> WHAT IS REQUIRED
Every line from the one with "谈谈|北京评论办杂志的天时地利人和" to the one with "ポンドマリン日付Dove Men +", including those two, is to be copied exactly; all other lines of the entries below are left out.

· · ·

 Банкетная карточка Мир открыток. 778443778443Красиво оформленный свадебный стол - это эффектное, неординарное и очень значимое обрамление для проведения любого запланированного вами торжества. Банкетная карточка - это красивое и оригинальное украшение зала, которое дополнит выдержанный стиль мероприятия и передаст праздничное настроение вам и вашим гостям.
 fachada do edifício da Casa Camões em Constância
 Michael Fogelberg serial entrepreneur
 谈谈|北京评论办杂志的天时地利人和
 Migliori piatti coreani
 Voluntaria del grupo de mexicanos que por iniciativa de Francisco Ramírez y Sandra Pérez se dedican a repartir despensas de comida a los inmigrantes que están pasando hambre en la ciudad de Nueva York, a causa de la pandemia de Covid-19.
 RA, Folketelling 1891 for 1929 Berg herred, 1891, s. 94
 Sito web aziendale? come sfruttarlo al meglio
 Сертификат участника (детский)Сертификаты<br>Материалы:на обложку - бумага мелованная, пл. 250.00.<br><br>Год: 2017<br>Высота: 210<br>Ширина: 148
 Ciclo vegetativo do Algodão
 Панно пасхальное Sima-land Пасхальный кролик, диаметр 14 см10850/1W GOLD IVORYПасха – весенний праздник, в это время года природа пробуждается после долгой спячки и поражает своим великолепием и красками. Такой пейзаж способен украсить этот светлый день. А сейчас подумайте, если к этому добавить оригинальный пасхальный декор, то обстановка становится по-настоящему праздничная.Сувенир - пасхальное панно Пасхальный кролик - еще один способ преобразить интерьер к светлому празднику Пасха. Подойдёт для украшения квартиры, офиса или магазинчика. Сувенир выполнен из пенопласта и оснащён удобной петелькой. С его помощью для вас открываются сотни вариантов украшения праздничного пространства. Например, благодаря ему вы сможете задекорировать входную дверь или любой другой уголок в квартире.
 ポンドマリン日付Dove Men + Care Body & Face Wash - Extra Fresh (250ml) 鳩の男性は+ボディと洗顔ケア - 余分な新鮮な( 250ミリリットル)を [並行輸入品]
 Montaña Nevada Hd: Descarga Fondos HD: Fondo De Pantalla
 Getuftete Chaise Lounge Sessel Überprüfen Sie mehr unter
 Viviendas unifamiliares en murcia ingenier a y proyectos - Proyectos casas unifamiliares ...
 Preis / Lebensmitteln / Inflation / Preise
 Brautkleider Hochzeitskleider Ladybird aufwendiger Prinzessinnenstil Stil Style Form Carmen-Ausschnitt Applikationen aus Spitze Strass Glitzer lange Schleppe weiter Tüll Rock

· · ·

> REPLY
 谈谈|北京评论办杂志的天时地利人和
 Migliori piatti coreani
 Voluntaria del grupo de mexicanos que por iniciativa de Francisco Ramírez y Sandra Pérez se dedican a repartir despensas de comida a los inmigrantes que están pasando hambre en la ciudad de Nueva York, a causa de la pandemia de Covid-19.
 RA, Folketelling 1891 for 1929 Berg herred, 1891, s. 94
 Sito web aziendale? come sfruttarlo al meglio
 Сертификат участника (детский)Сертификаты<br>Материалы:на обложку - бумага мелованная, пл. 250.00.<br><br>Год: 2017<br>Высота: 210<br>Ширина: 148
 Ciclo vegetativo do Algodão
 Панно пасхальное Sima-land Пасхальный кролик, диаметр 14 см10850/1W GOLD IVORYПасха – весенний праздник, в это время года природа пробуждается после долгой спячки и поражает своим великолепием и красками. Такой пейзаж способен украсить этот светлый день. А сейчас подумайте, если к этому добавить оригинальный пасхальный декор, то обстановка становится по-настоящему праздничная.Сувенир - пасхальное панно Пасхальный кролик - еще один способ преобразить интерьер к светлому празднику Пасха. Подойдёт для украшения квартиры, офиса или магазинчика. Сувенир выполнен из пенопласта и оснащён удобной петелькой. С его помощью для вас открываются сотни вариантов украшения праздничного пространства. Например, благодаря ему вы сможете задекорировать входную дверь или любой другой уголок в квартире.
 ポンドマリン日付Dove Men + Care Body & Face Wash - Extra Fresh (250ml) 鳩の男性は+ボディと洗顔ケア - 余分な新鮮な( 250ミリリットル)を [並行輸入品]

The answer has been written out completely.